(Supplied records)

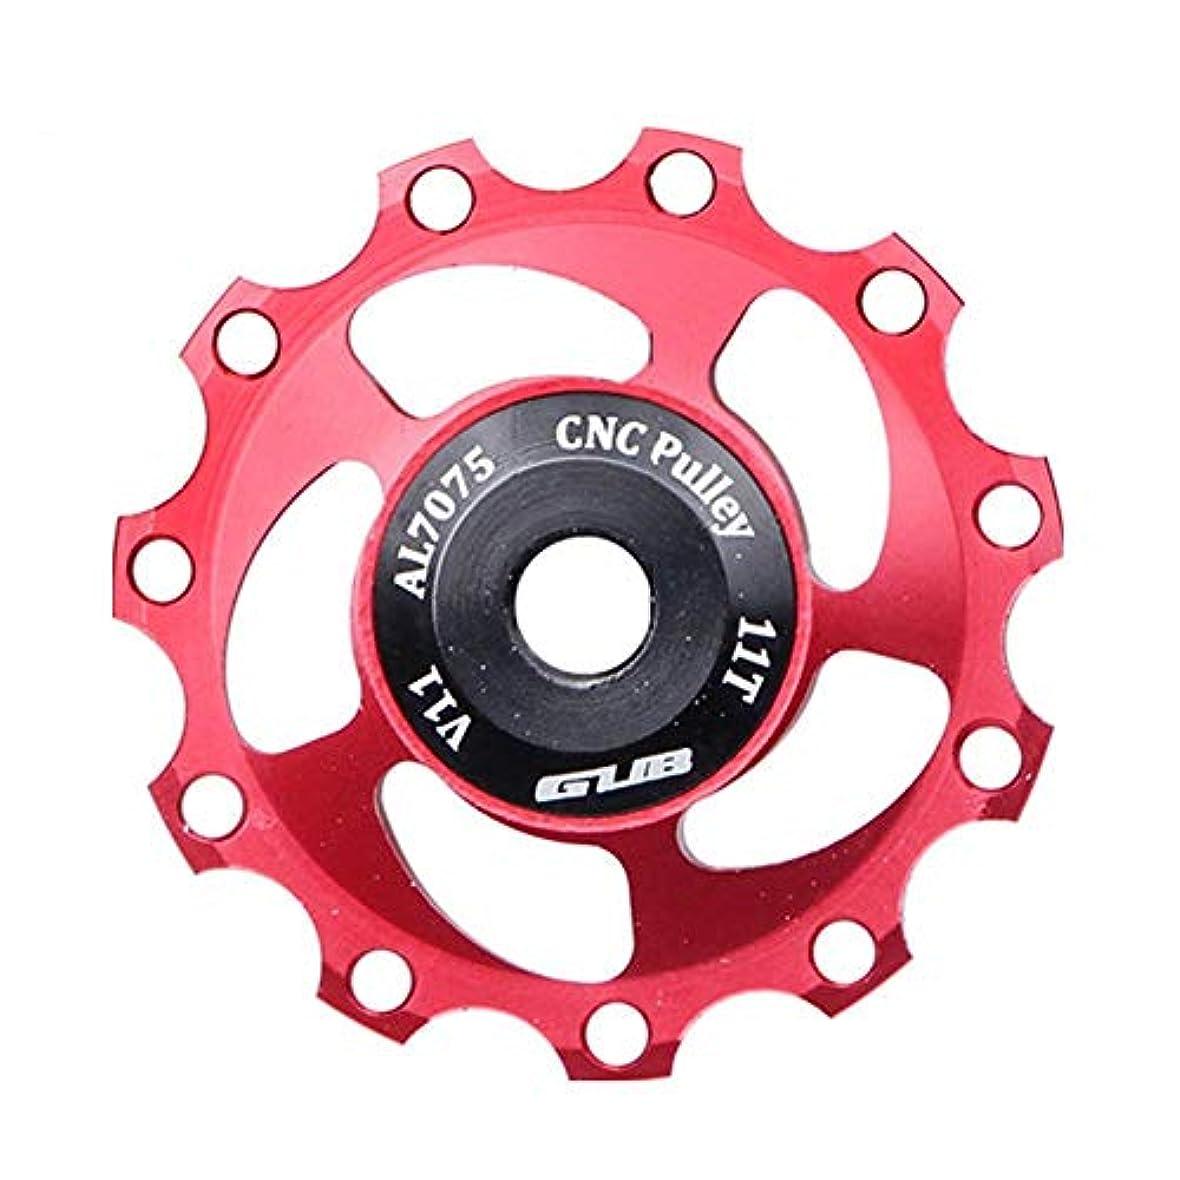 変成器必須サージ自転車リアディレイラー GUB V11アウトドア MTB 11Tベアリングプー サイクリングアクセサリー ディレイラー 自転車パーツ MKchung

(End Supplied records)
(Supplied records)

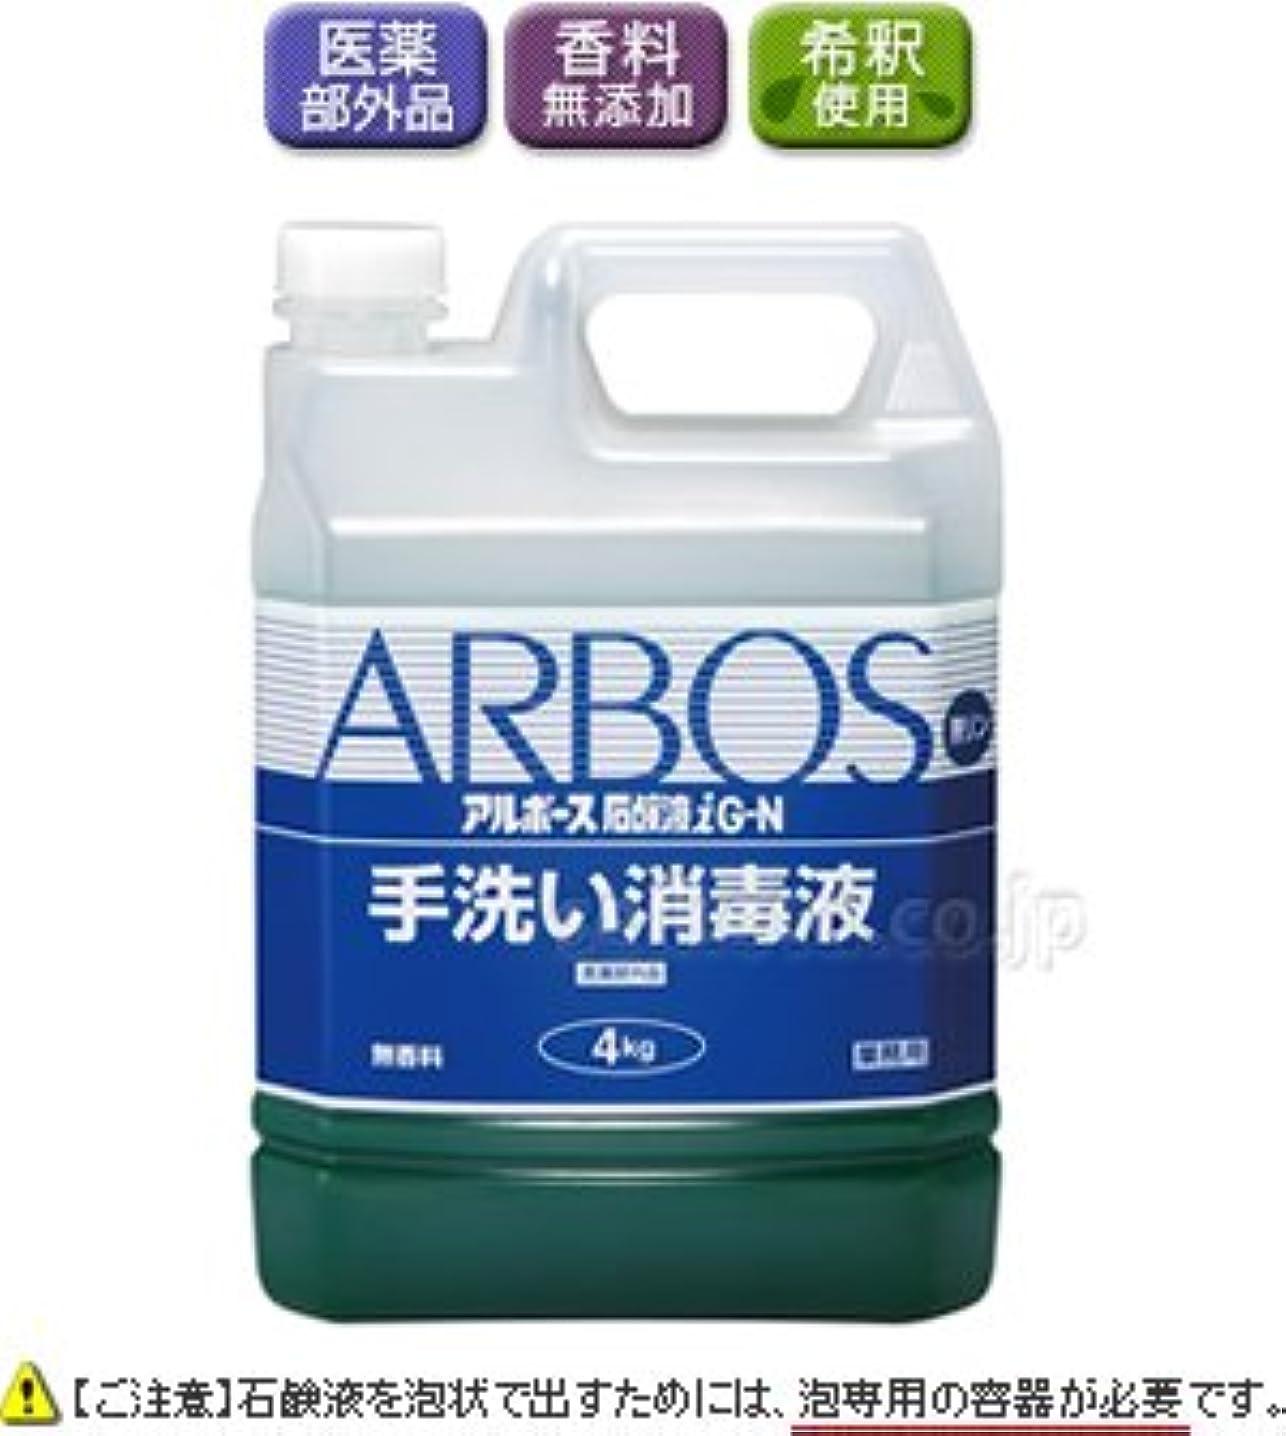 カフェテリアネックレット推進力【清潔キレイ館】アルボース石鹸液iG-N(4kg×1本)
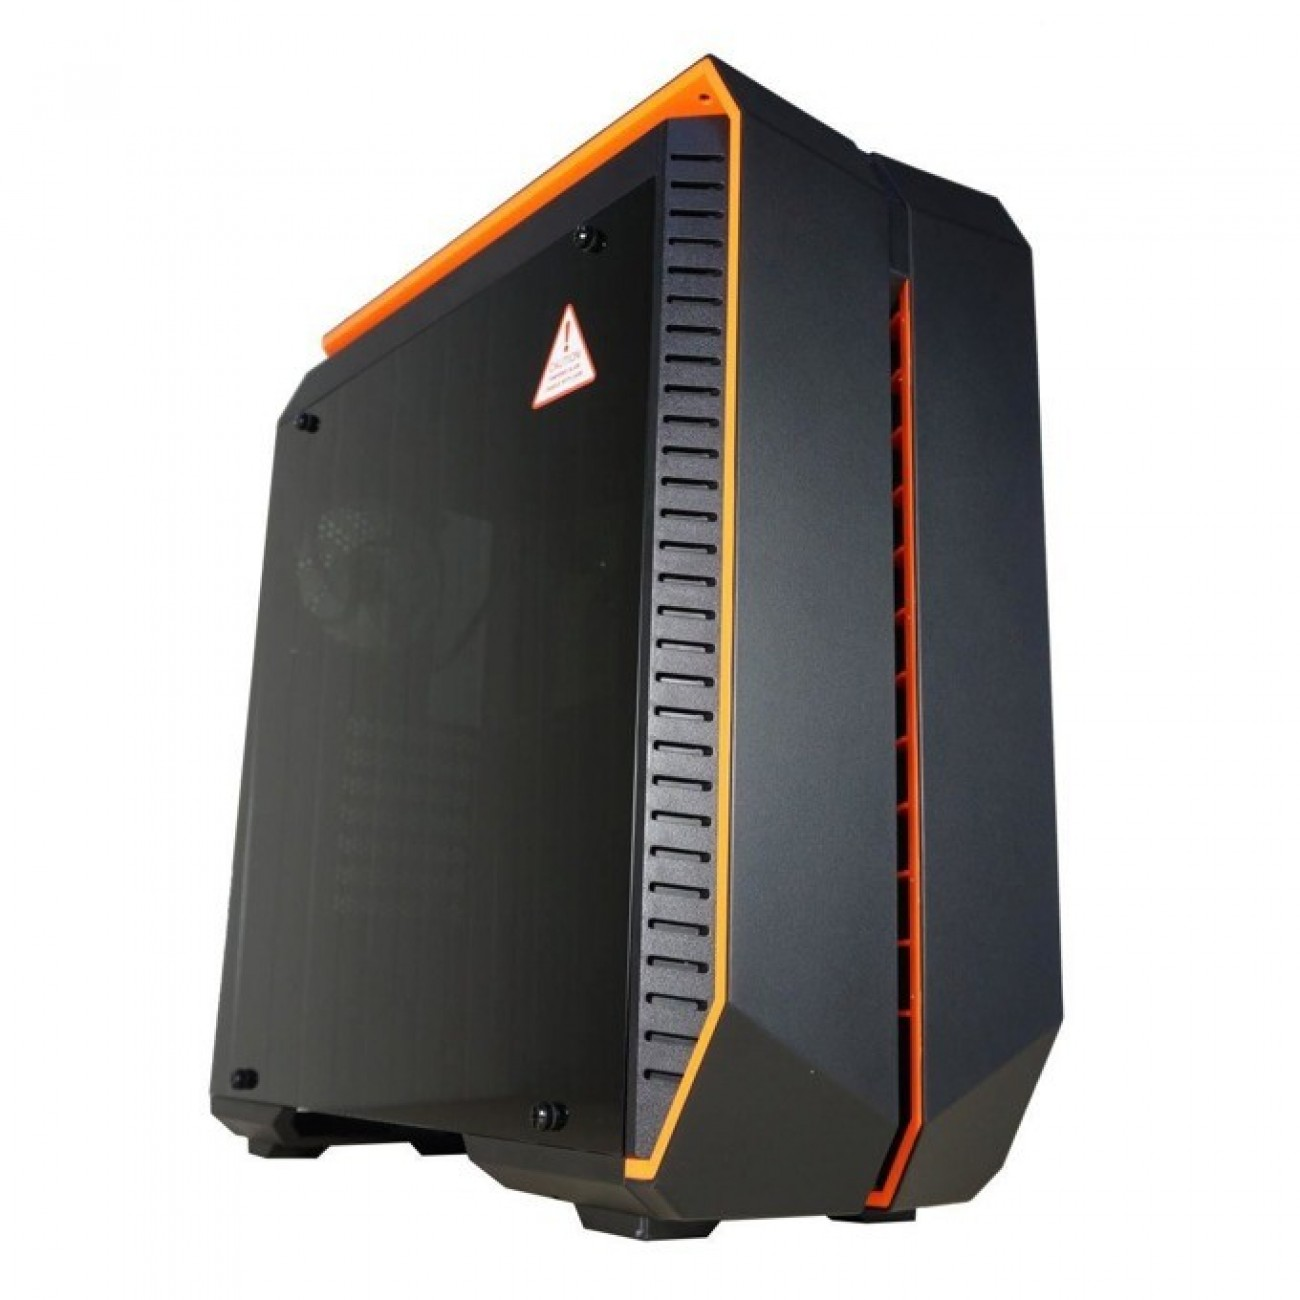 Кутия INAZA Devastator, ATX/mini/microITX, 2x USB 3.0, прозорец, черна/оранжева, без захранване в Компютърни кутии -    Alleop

(End Supplied records)
(Supplied records)

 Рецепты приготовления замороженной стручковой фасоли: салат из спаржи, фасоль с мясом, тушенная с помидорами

(End Supplied records)

> [Work to complete]: Nothing but the lines from the one with "カフェテリアネックレット推進" up to and including the one with "Кутия INAZA Devastator, ATX/mini/microITX, 2x" should be printed, exactly as they read above. Please keep the pictures out.

> [Answer to this exercise]:
 カフェテリアネックレット推進力【清潔キレイ館】アルボース石鹸液iG-N(4kg×1本)
 Кутия INAZA Devastator, ATX/mini/microITX, 2x USB 3.0, прозорец, черна/оранжева, без захранване в Компютърни кутии -    Alleop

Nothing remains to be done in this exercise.